One of my club's small planes apparently has an intermittent problem with moisture in the static port line, so the recommendation is to always fly with the alternate static port open. That leads me to wonder why (1) the plane in question (a 172) was not simply designed to receive static pressure from inside the cabin, thereby avoiding this kind of problem and (2) if there's any downside (other than slight miscalibration of speeds and altitudes) to doing so.

I'm aware of the venturi-effect related pressure diff between an external static port and the cabin pressure. That just seems like a calibration issue for airspeed and altitude measurement.
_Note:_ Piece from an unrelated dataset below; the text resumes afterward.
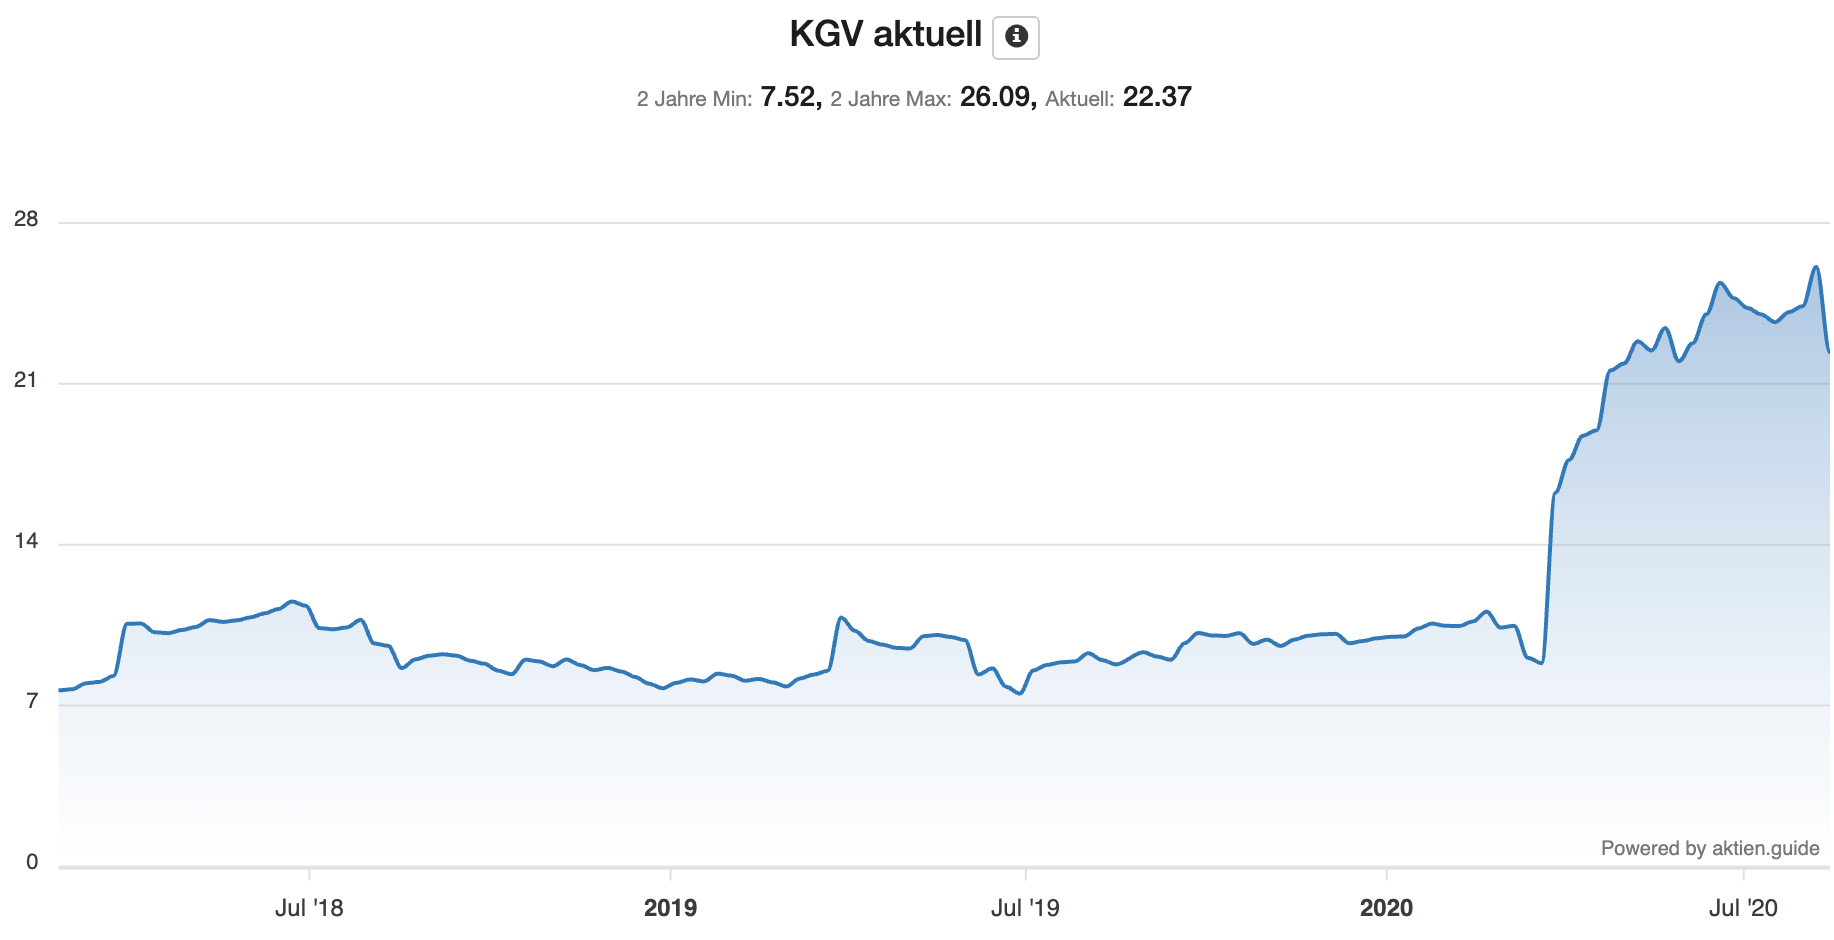 Deutsche Wohnen Aktie Entwicklung KGV der letzten Jahre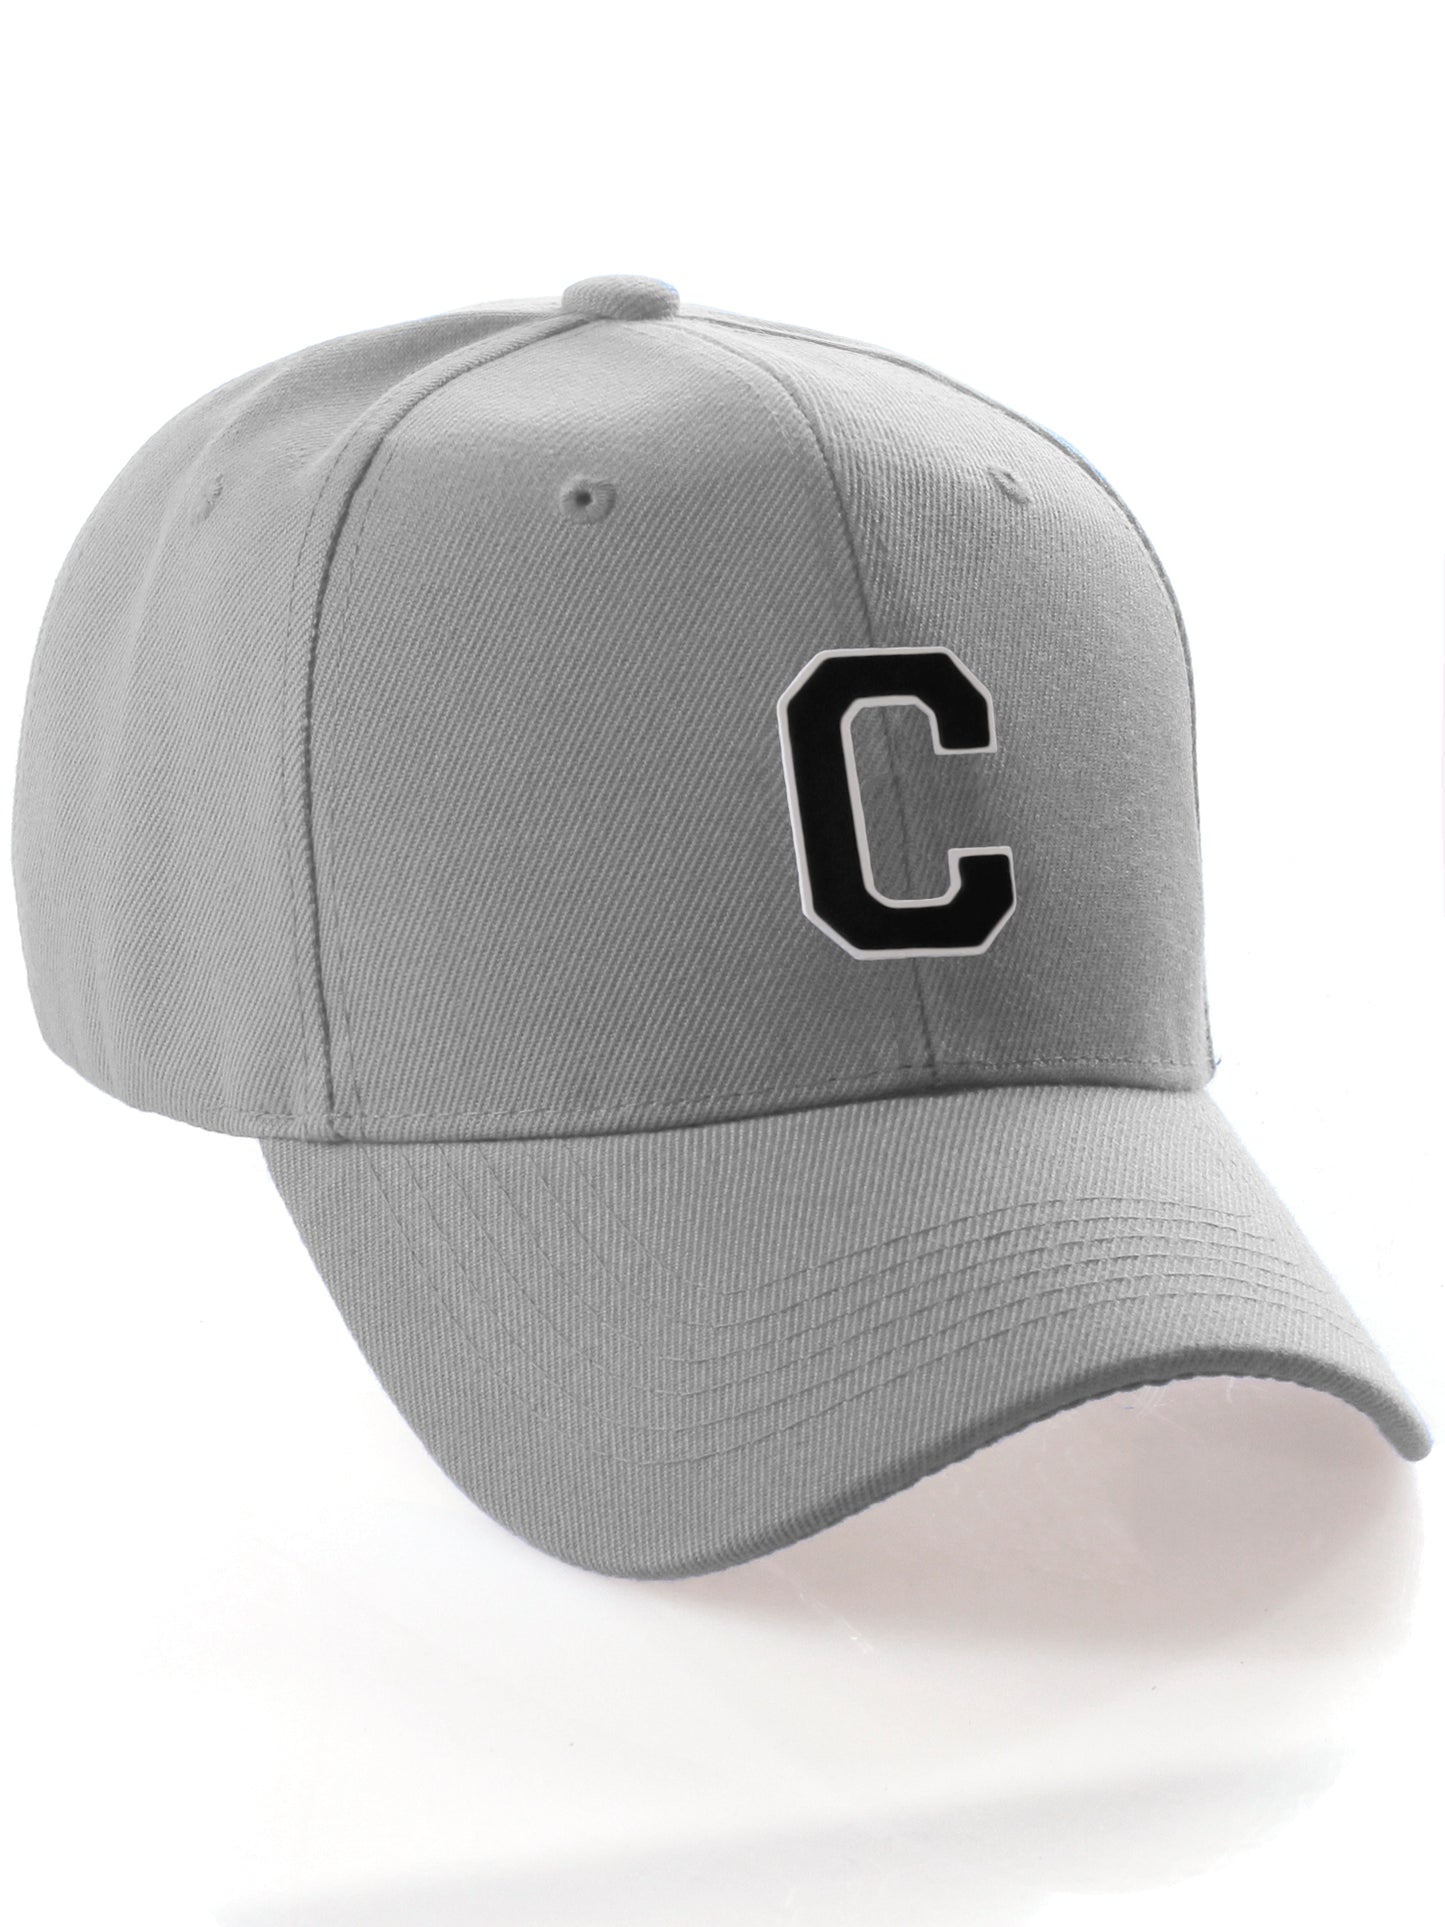 Classic Baseball Hat Custom A to Z Initial Team Letter, Lt Gray Cap White Black

tl;dr: Why are/were GA planes designed with external instead of cabin-side static ports, other than to give the examiners a tricky thing to ask us about?

  • 3
    $\begingroup$ Internal air pressure changes slower than external, so things like the climb rate indicator may be inaccurate or slow responding. $\endgroup$
    – Ron Beyer
    Jan 11 at 20:07
  • $\begingroup$ @RonBeyer -- It seems unlikely to be a rate-of-change issue-- considering that the effect seems to be worse with the windows open (as noted in the second sentence of this answer aviation.stackexchange.com/questions/91204/… ) $\endgroup$ Jan 12 at 2:39

The problem with the alternate static source is it will over or under-read depending on the status of windows, vents and heating. Look at this excerpt from a Cessna 172 PoH and you'll see there's very significant differences, especially with the windows open at low speeds.

C172 Airspeed calibration

If you use a static source inside the cabin your airspeed your altimeter will over-read, how much again depends on vents, heating and windows. This means you'll be flying lower than you think, how much depends on these factors.

You cannot calibrate for these variables as they change dynamically. How much do you need to adjust your airspeed for heating halfway on, or a window cracked, and how would your instruments compensate? The primary static port is much more consistent.